What you have to do
Below are some records; quote exactly the lines from the one that contains "TOM FRIEDMAN, Untitled (Color Monet), 2016" through the one that contains "Spielplatz Grasbrookpark Hafencity", inclusive, and no others.

Data records

·····

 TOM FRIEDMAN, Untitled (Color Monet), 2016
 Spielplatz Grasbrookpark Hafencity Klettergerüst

·····

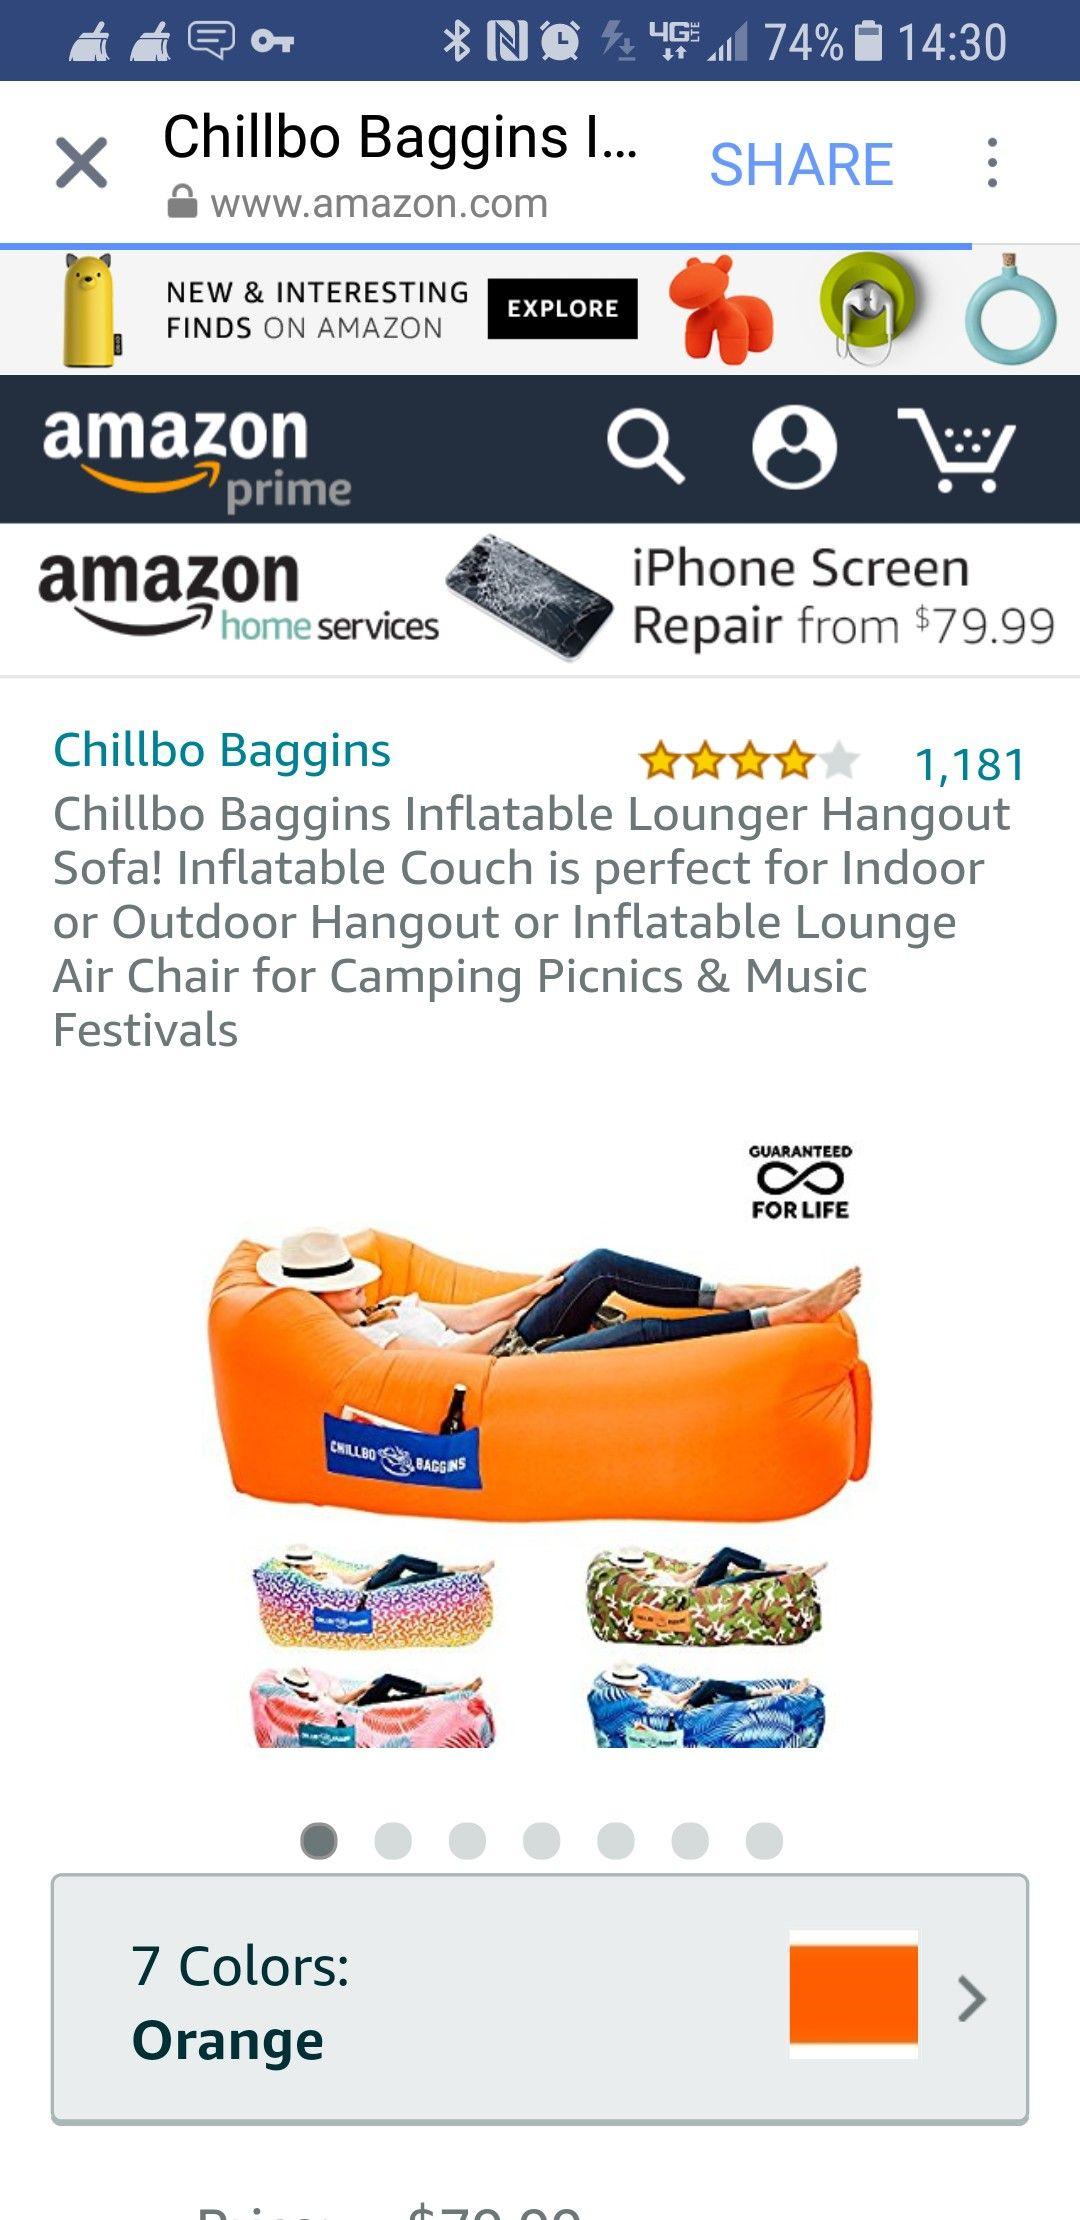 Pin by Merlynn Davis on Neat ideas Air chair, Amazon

·····

Task response
 TOM FRIEDMAN, Untitled (Color Monet), 2016
 Spielplatz Grasbrookpark Hafencity Klettergerüst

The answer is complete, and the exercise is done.